- _TASK INPUT_
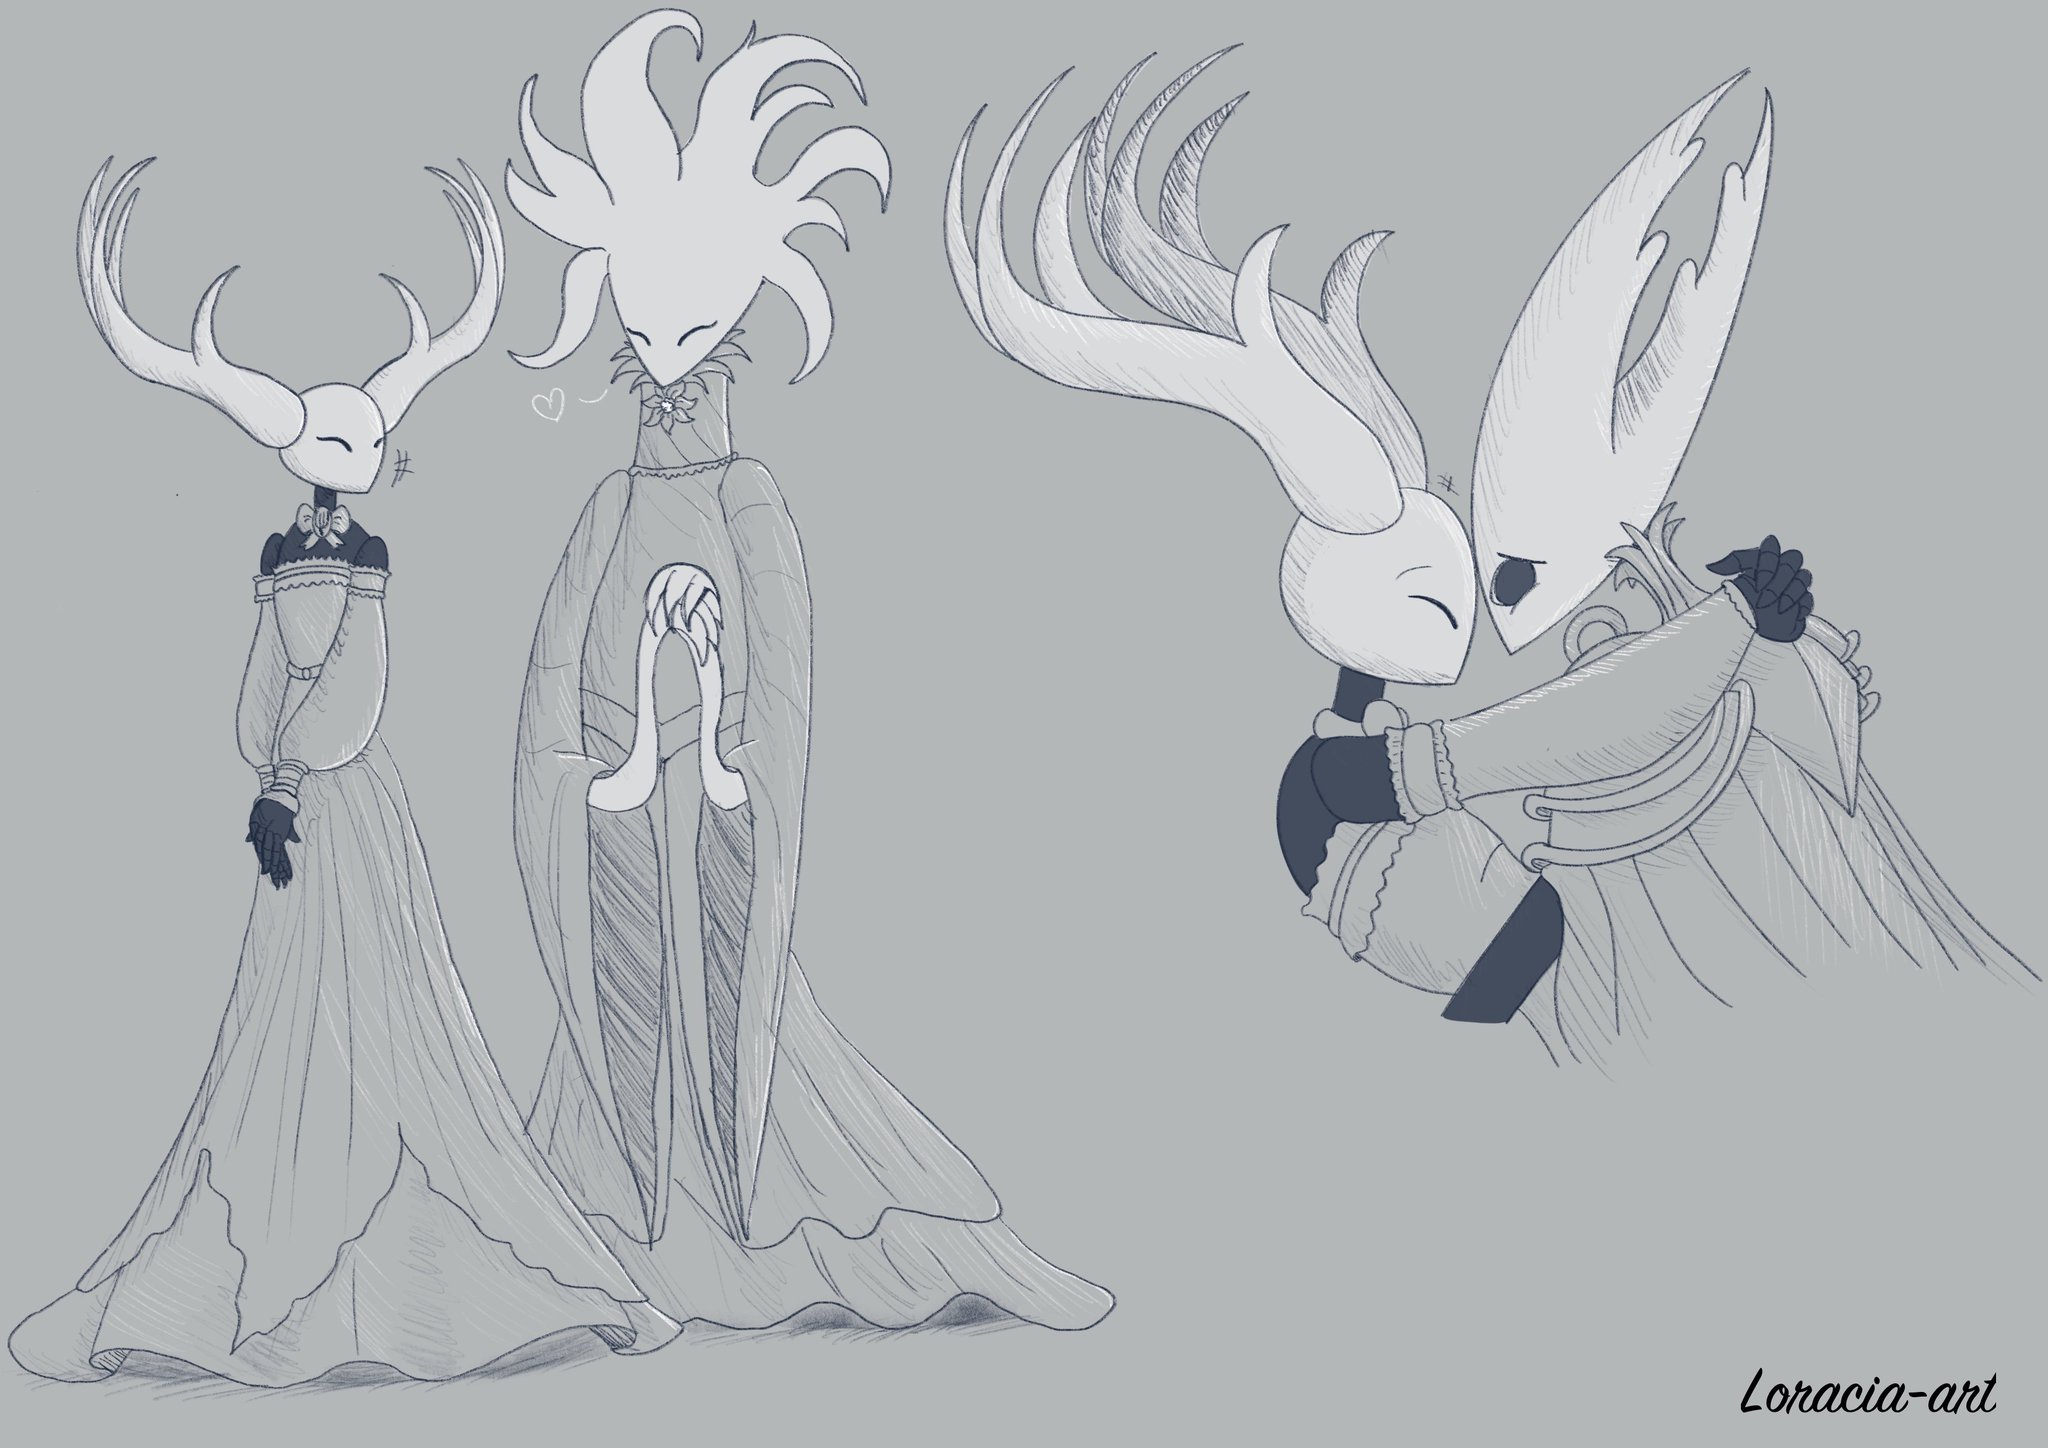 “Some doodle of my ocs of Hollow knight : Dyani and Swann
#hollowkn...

...

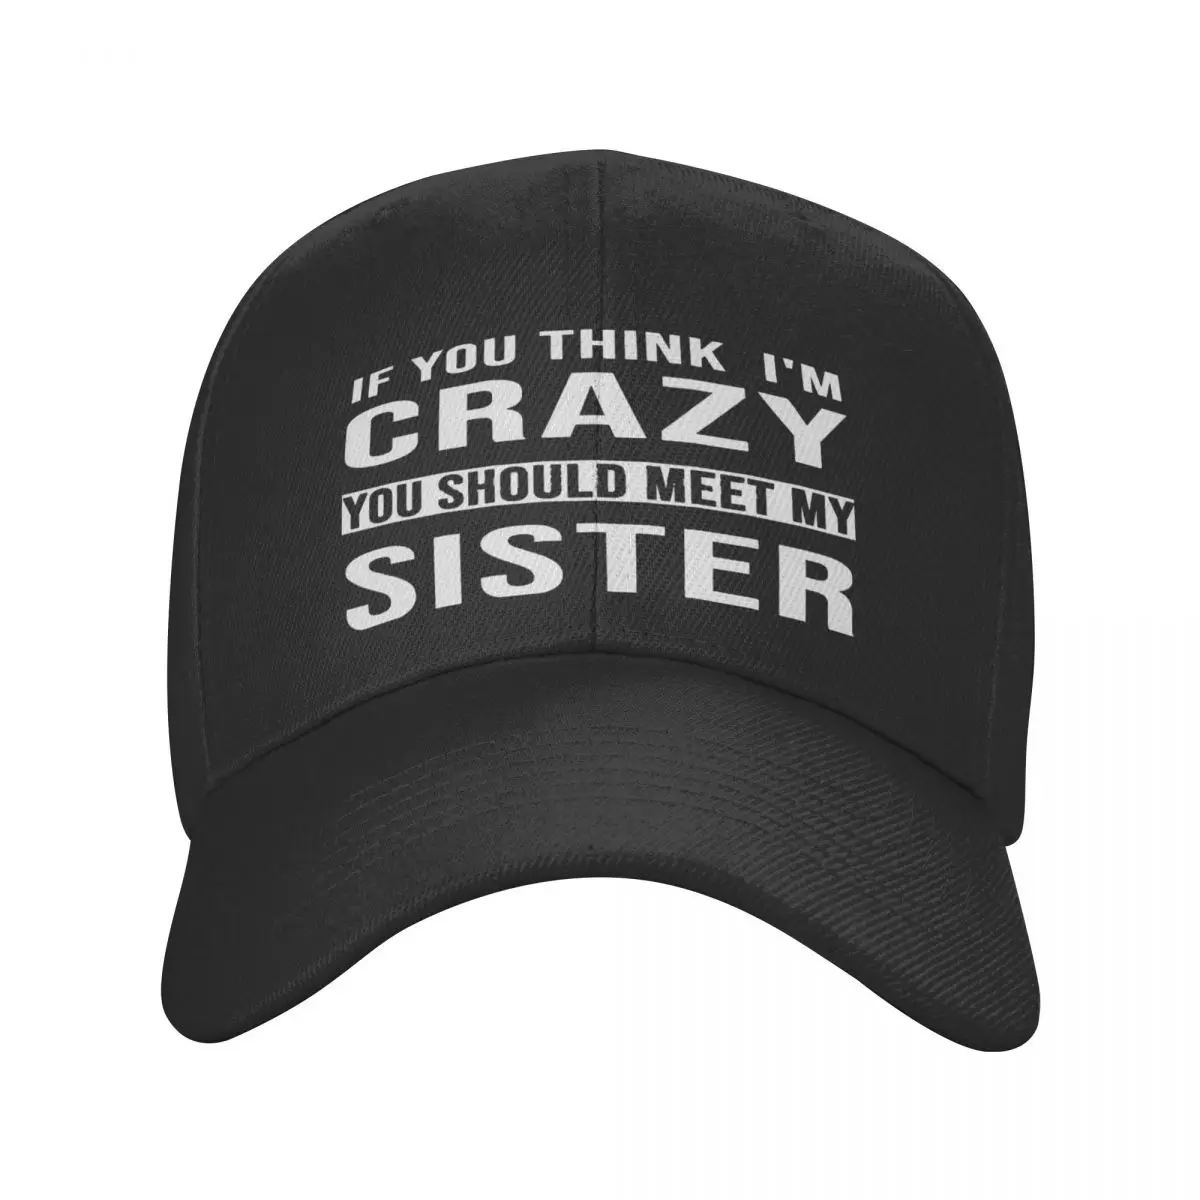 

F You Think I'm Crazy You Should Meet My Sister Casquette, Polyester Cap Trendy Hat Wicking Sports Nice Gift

- _AIM OF THE EXERCISE_
Your output should be the lines above from the one that contains "Dyani and Swann" through the one that contains "#hollowkn...", word for word, with pictures left out.

- _SOLUTION FOR THIS EXERCISE_
 “Some doodle of my ocs of Hollow knight : Dyani and Swann
#hollowkn...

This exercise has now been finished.